At Zyte’s conference one year ago, the Ukrainian Alexander Lebedev (Hotjar) spoke about mapping air alerts from a bomb shelter! We’re glad to see that things have more or less normalized for him since then.
This time, Alexander gave advice for how to create scalable data extraction services – more precisely, scraping tens of thousands of pages per minute on demand. The presentation covered the benefits of AWS Fargate, best options for web scraper architecture, efficient proxy use, optimal request batching, and more. Alex provided plenty of examples, making this one of the most practical talks in the conference. Strongly recommended.
Allen O’Neill, a long-standing OxyCon participant, whetted the viewer’s appetite with the opportunities of video data extraction. Due to a niche topic, the presentation has limited practical relevance today. But we still enjoyed watching it, if only for its aspirational value.
Allen spoke about China’s live shopping events, Gen-Z, and the $2.5T to be generated by video commerce by 2028. The gist – video is important! At the same time, it’s a hard nut to crack if you go beyond metadata: a mid-tier influencer can generate 162 million images & 63 days worth of audio for analysis. Allen’s team at SocialVoice made it work, and he shared some tips from their experience.

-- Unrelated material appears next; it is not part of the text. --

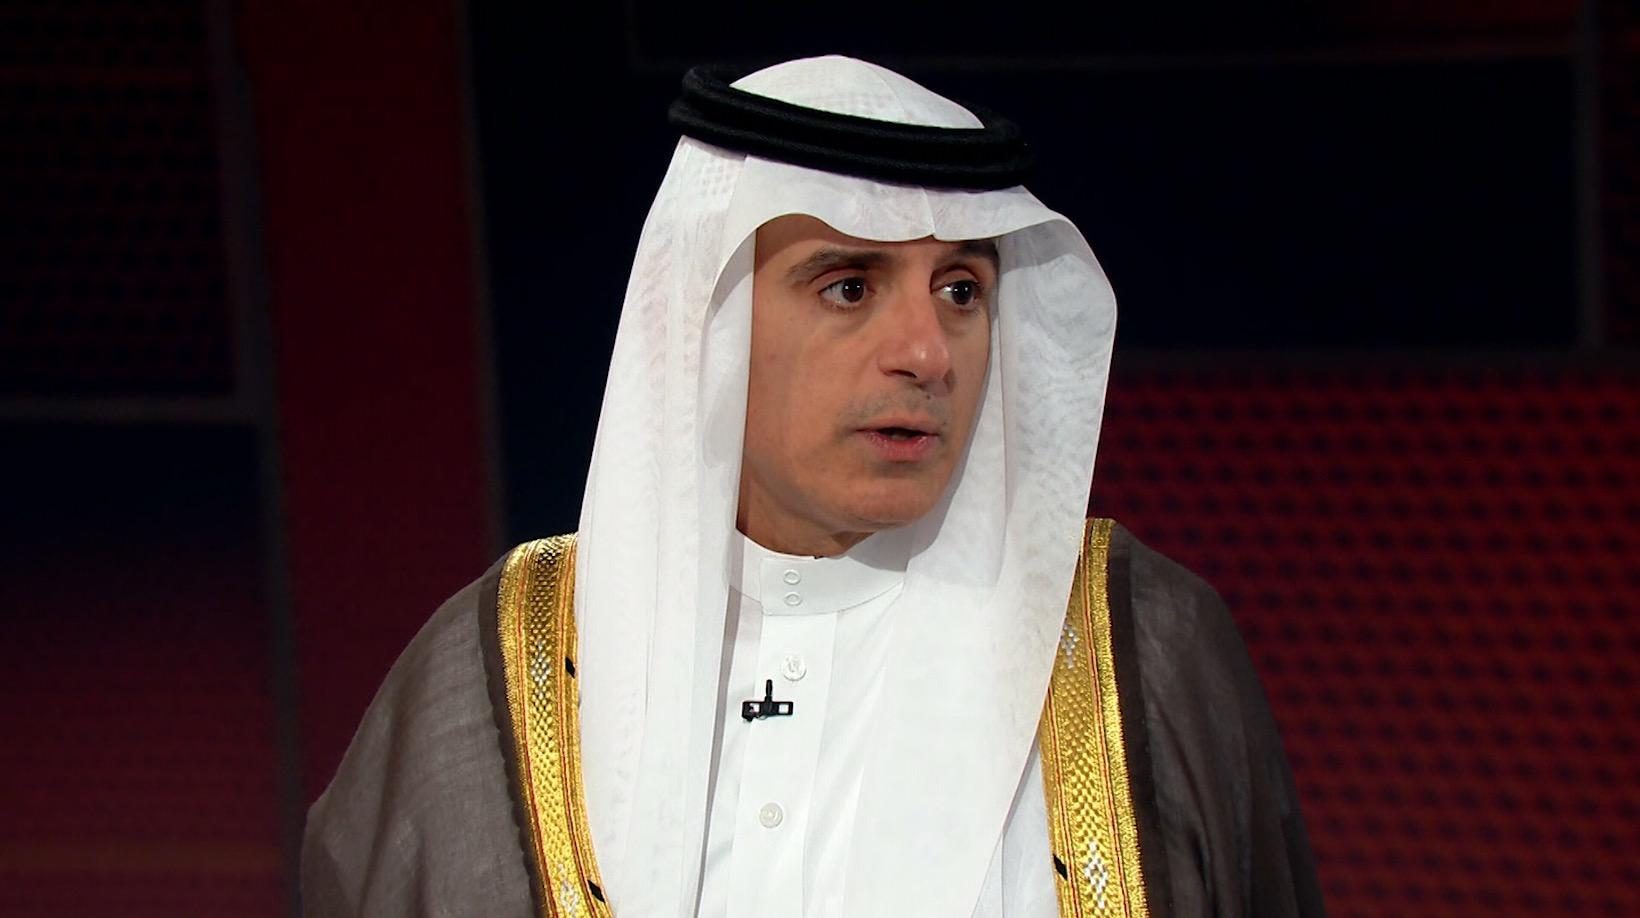 """شاهد كيف رد عادل الجبير على تصريح """"ترامب"""" عن المملكة"""

The second panel brought together four business heads – Ali Chaudhry (Veracious AI), Sash Sarangi (EMAlpha), Neil Emeigh (Rayobyte), and David Cohen (Datasembly) – to discuss the future trends of data extraction. It was hosted by Juras Jursenas, COO of Oxylabs.
The speakers explored multiple topics, mostly focusing on large language models and the increasing difficulty of scraping the web. We won’t cover all the details here; but, for example, Sash spoke about the value of LLMs in homogenizing data, while Neil disclosed Amazon’s recent shadowbans on datacenter IPs.
You’ll find value in this discussion if you want to keep apace with industry trends – in particular, if you’re looking for business ideas involving AI.
That was 2023’s OxyCon. If any talk caught your eye, go ahead and watch the video on the event’s webpage. All in all, we enjoyed the conference. And now, we’ll be waiting for the second major event of the year – Zyte’s Extract Summit!